Хотя, по правде сказать, многих коробило от прозвища магазина. Задевало тех, кто мужей никогда не имел, и тех, кто имел, да, подобно Оксане, лишился.
Проезжая мост через Невку, встали, поспешили на выход. Остановка — «Каменноостровский». Стоп! Следовало, сойдя со ступенек, не мешкая пересечь линию рельс, успеть проскочить до очередного потока транспорта.
— Тебя, Оксана Тарасовна, не поймешь. То подгоняла, то притормаживаешь.
— Не спешите торопиться, — отделалась Оксана присказкой, пущенной кем-то из ее рабочего окружения. — Постой, это он, тот Каменный остров? — Вдали раскинулся светло-зеленый массив. Легкий, сквозной. Петр бы определил: акварельный.
— Он, он. Пошли. Тьфу, опять проморгали. — Помехой стали два встречных, медленно ползущих трамвая. — Раз уж застряли, пользуйся проволочкой, влево гляди. Там за мостом историческая магистраль. Поняла? При дедах звалась Каменноостровским проспектом. В революцию окрестили улицей Красных Зорь. Потом, естественно, стала проспектом имени Кирова, здесь Сергей Миронович проживал до последнего дня. — Умолкла, попригасли искорки в карих глазах, лишь концы шелковой парадной косынки, чуткие к дуновению ветра с реки, продолжали свое беспечное трепыханье. Ткнулась Оксане в плечо. — Была у меня мечта родить дочку, назвать ее Кирой. Не выйдет, не обещают врачи. За что мне такое?
— За что? — с горечью отозвалась Оксана. — Про всякую хворь так думается: за что? — Отмахнулась от темы, словно от надоедливой мухи. — На наших деревьях листва попышней.
— Это покамест. Несовпадение климата. Весна и лето у нас чуток отстают. К примеру, питерская клубника не спешит созревать, у деревьев тоже собственная повадка. В Москве небось окончательно распустились, а наши пока еще в дымке. Зато, очнувшись, опередят по многим статьям. Зелень станет пышной и сочной. Увидишь сама.
— Как увижу? Ты что! Имею надежду сегодня же наладиться домой. Пойми, у меня Маша одна.
— Верно, матери в горячую школьную пору задерживаться не след. А дочке наказ: когда она тебе внученьку принесет…
— Да ну тебя! Так сразу и принесет.
— Я не сказала — сразу. Но если случится, дайте ей имя Кира. Лично прошу. От имени своих земляков.
— А если внук?
— Тогда уж Сергей. Обещаешь?
Снова образовалась пробка, затор. Обе в душе погордились, что причастны к подземному транспорту.
— Настя, почему ваша зелень сочней, чем у нас? Вы же к северу ближе.
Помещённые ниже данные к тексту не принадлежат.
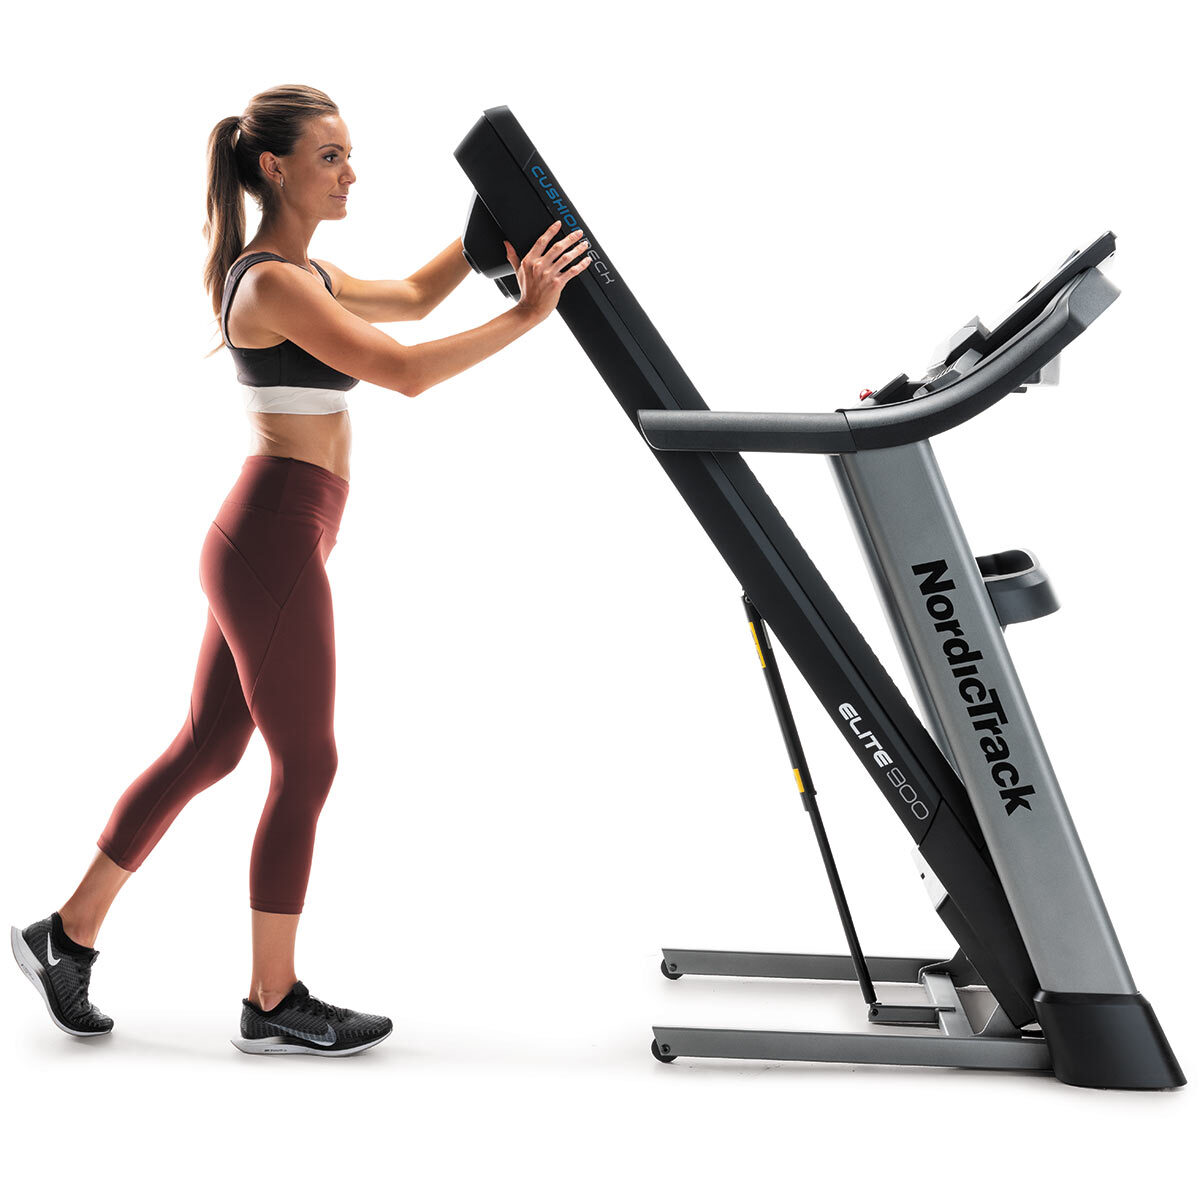 Woman using Spacesaver Design with EasyLift Assist for Nordic Track Elite 900 Treadmill

— На чем Петербург возводили? Целиком на болоте. Ох и кляли наши метростроевцы, тоннелепроходцы чертов грунт, чертовы плывуны. — Дернула за жакетик. — На что зазевалась?
— Не видишь, киоск! — Прохожих подманивали газеты, почтенного вида справочники и крохотки-сувениры. Пестрели открытки, значки. — Тот самый журнал!
— Именно он! — Настин приметный рот растянулся от уха до уха. — Именно твоя станция! — И верно, под утренним солнцем глянцевито переливались зеленый воздушный шар и фиолетовая мамаша с оранжевым малышом на руках. — Случайно, по-твоему, а?
— Кто знает… — вымолвила Оксана. Петр исправно лишал ее веры в разные, как он их честил, предрассудки. Добился, лишил. И все-таки до смерти хотелось поверить, что твой город — давно уже он твой! — что твоя Москва шлет тебе вдогонку наказ: держись, не вздумай сдаваться!
…На 2-й Березовой Настя зорко следит за Оксаниным настроением. Отступила в сторону от асфальта, сорвала остро пахнущий стебелек, провела им под носом у себя, у Оксаны.
— Чуешь, как вспоена наша землица? Не зря попрыгунья так радуется весне. — Оксане было предложено обозреть прыткую девочку, бегущую вдоль обочины, мелькание ее грязноватой скакалки; оценить, как ритмично скрипят сандалии и легко взвивается свисающий с затылка хвостик волос, стянутый у основания тесьмой.